USDCAD has bounced within a 1.2760-1.3200 range since mid-August and that range is likely to hold. USDCAD plunged from the 1.3100 area following a soft nonfarm payrolls number which lowered expectations for a September rate hike in the US.  

It found support at 1.2820 and the bounced following the Bank of Canada statement and a rebound in oil prices.

That the BoC was dovish should not have been a surprise. The Canadian dollar had been lagging gains made by AUDUSD and NZDUSD. A sceptic would believe that the BoC’s comment on risks to inflation was a subtle blessing to sell Canadian dollars.

USDCAD has been undermined by rising oil prices which have gained on speculation of Opec agreeing to a production cap. It is only speculation while at the same time oil production in Saudi Arabia and Russia is at record levels.

The intraday downtrend since breaking below the 1.3000 pivot comes into play at 1.2880 and was broken this morning suggesting a rebound to the pivot area.  The longer term uptrend line from the beginning of May comes into play at 1.2790. The 38.2% Fibonacci retracement level of the September 1.2820-1.3150 range is at 1.2945.

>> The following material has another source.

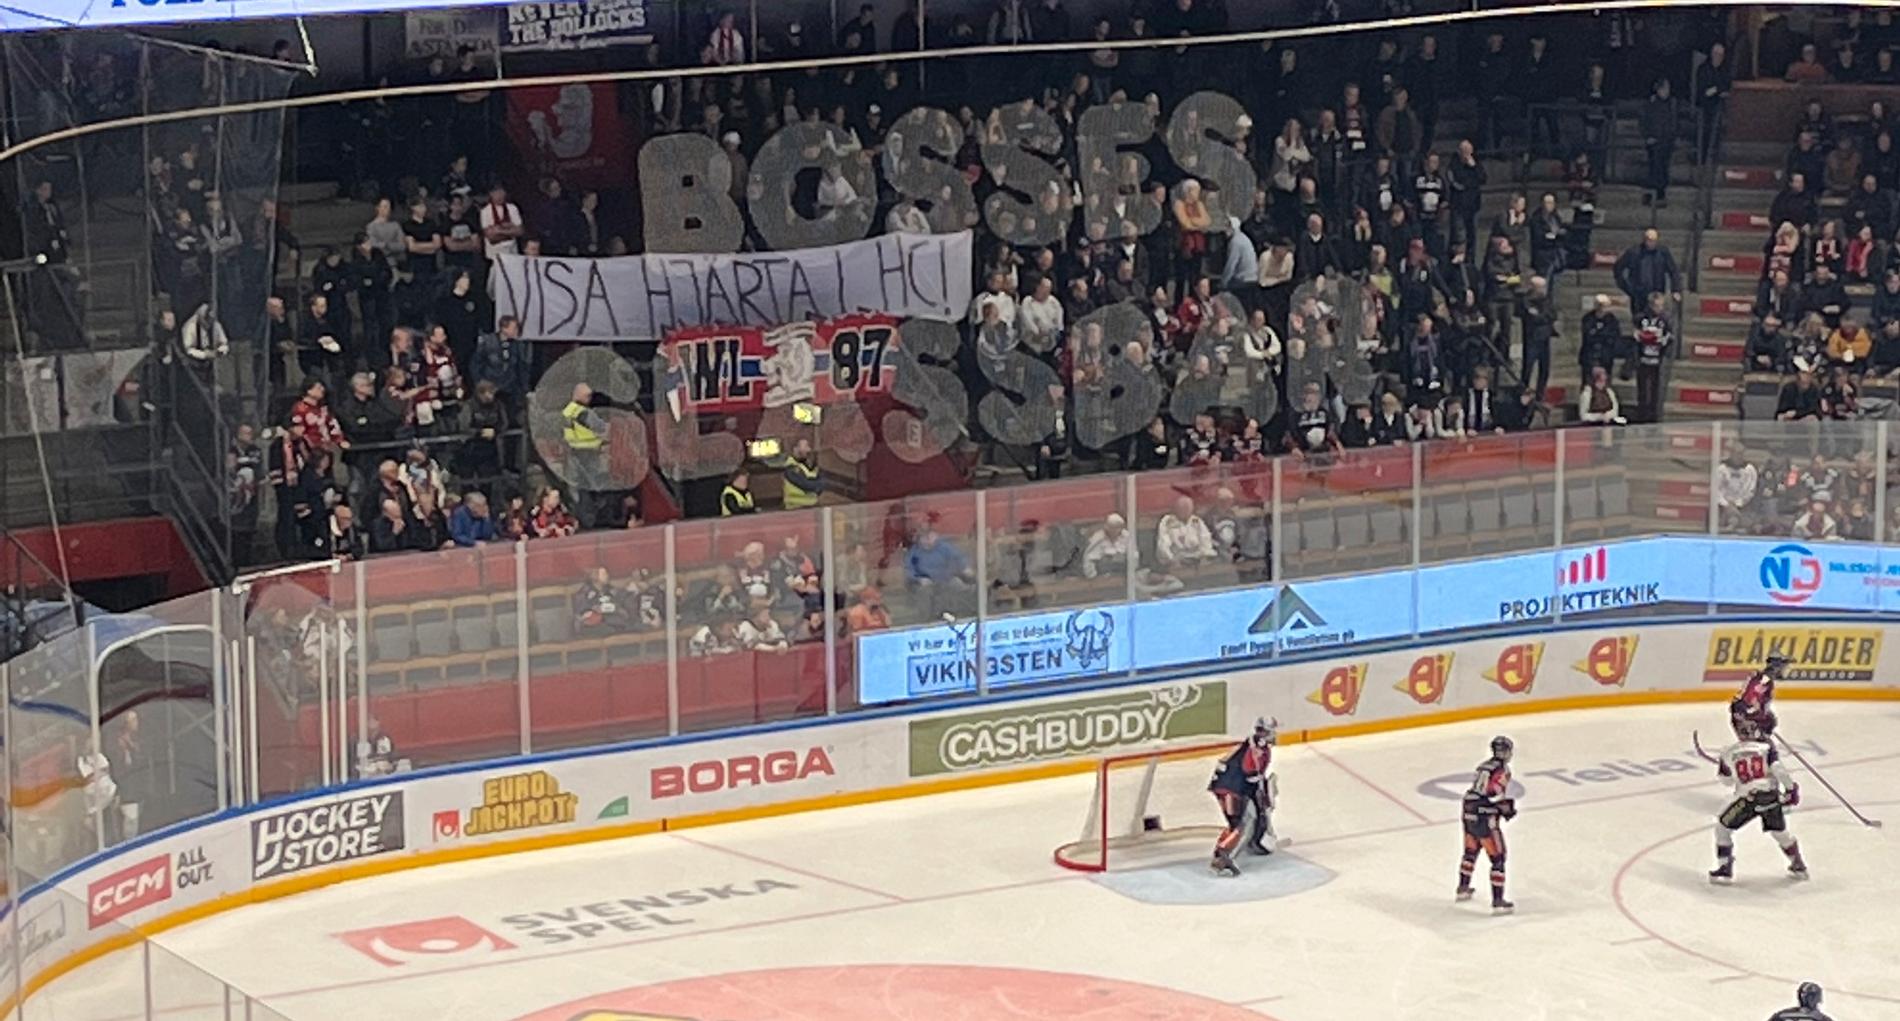 LHC-fansen visade sin besvikelse under matchen mot Malmö.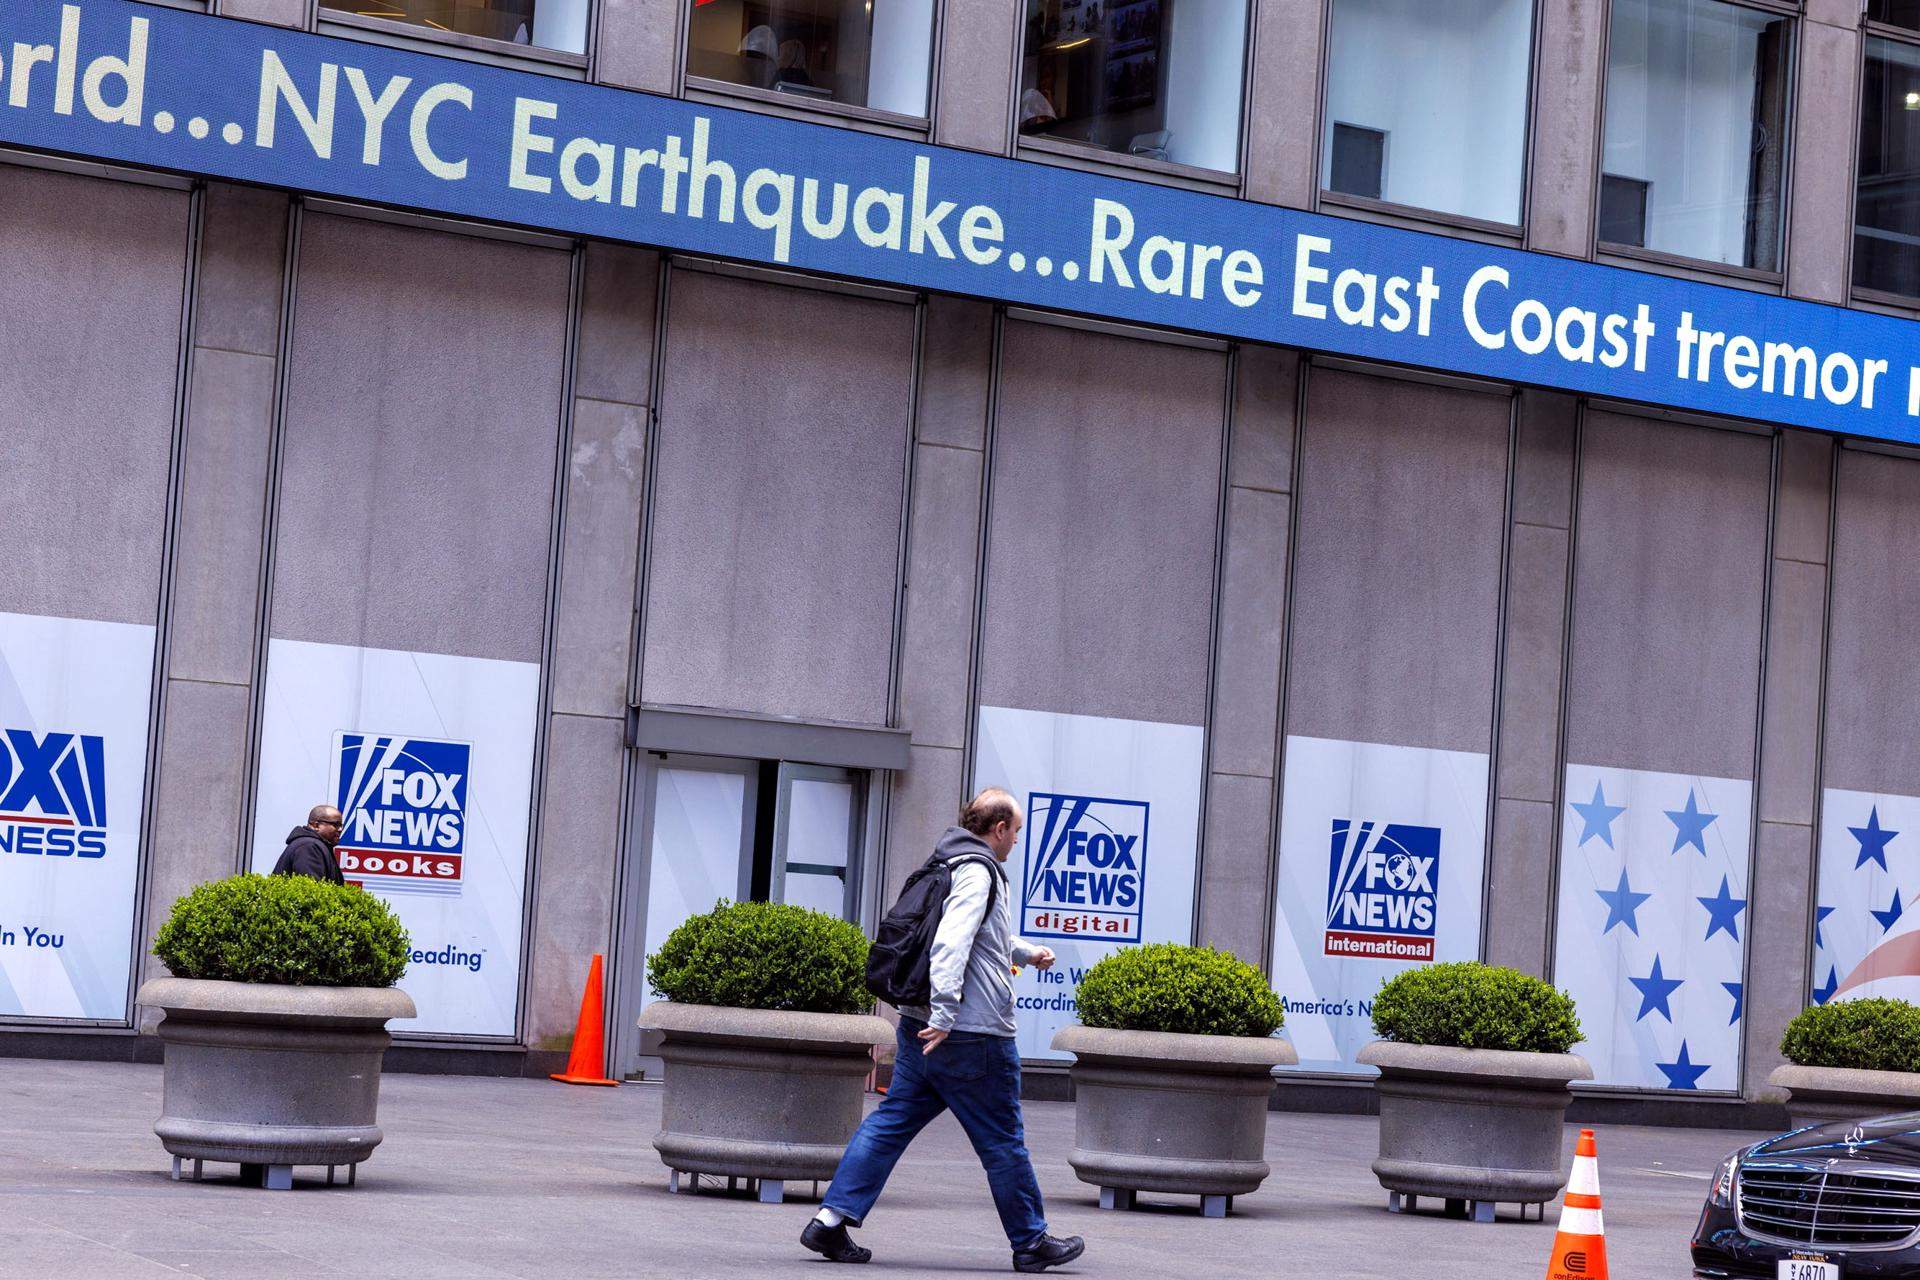 Així va viure una menorquina el terratrèmol a Nova York: "Ha estat bastant fort!"

The USDCAD range has been your friend since May and should be trusted today.

Management and risk description 

A major risk to this idea is if Friday’s Canadian employment report surprises to the upside. The forecast is for a gain of 25,000-30,000 jobs which would merely erase the losses of the previous two months. The stop will be triggered on a rise in oil prices or if US data continue to be soft.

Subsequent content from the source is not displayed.